An address by the Minister, Rev. Rob MacPherson - recorded on Sunday, 11th November, 2018 in the Unitarian Meeting House in Adelaide to mark the Centenary of the signing of the Armistice at the end of WW1. In this address, Rob describes the rapidly changing face of war in the 20th century, WW1 being the first war that utilised mass production techniques to create armaments of unprecedented killing power. The so-called "war to end all wars" - was followed - in less than a generation - by WW2 and by an almost continuous succession of other wars ever since. This 21st Century has seen war continue uninterrupted, with weapons of even greater destructive power.
We can condemn war and the economic and political systems that create it. We can mourn and honour those human souls who enlisted for a multitude of reasons. We cannot escape history but we do not have to keep repeating it. We can decide what this costly legacy means to each of us: 100 years of almost constant war and the moral choices we must make.

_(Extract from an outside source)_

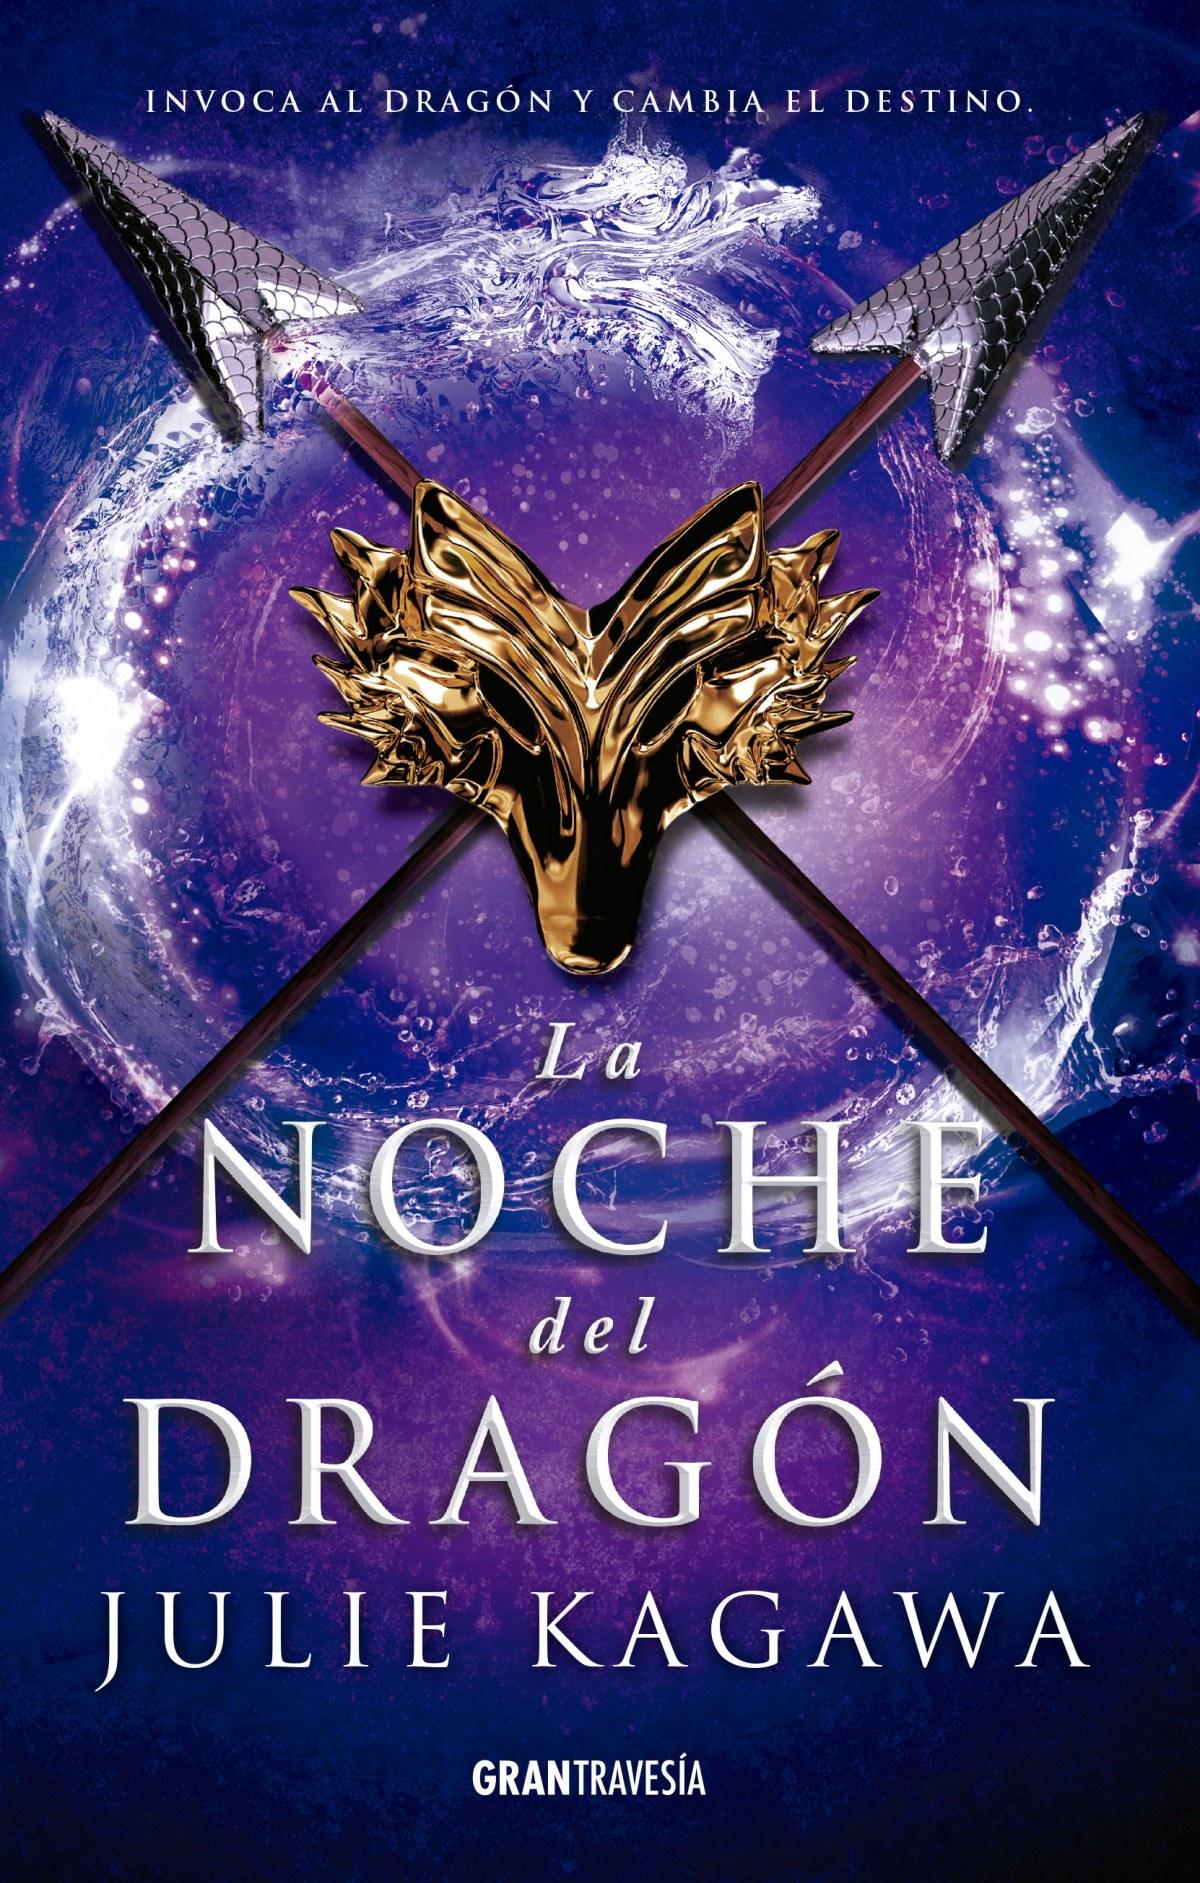 La noche del dragón

The participants in this service then leave the Meeting House to walk to a nearby relic of WW1 - to be confronted by the brutality of a heavy weapon - a field gun - to place flowers, leave messages and to sing responses to "We Shall Overcome".
We then return to the Meeting House to conclude this service of remembrance.
On our return, Rob challenges us to make a "binary choice". In a globally interdependent world we are either complicit in the atrocity of ongoing militarism and war or we resist it.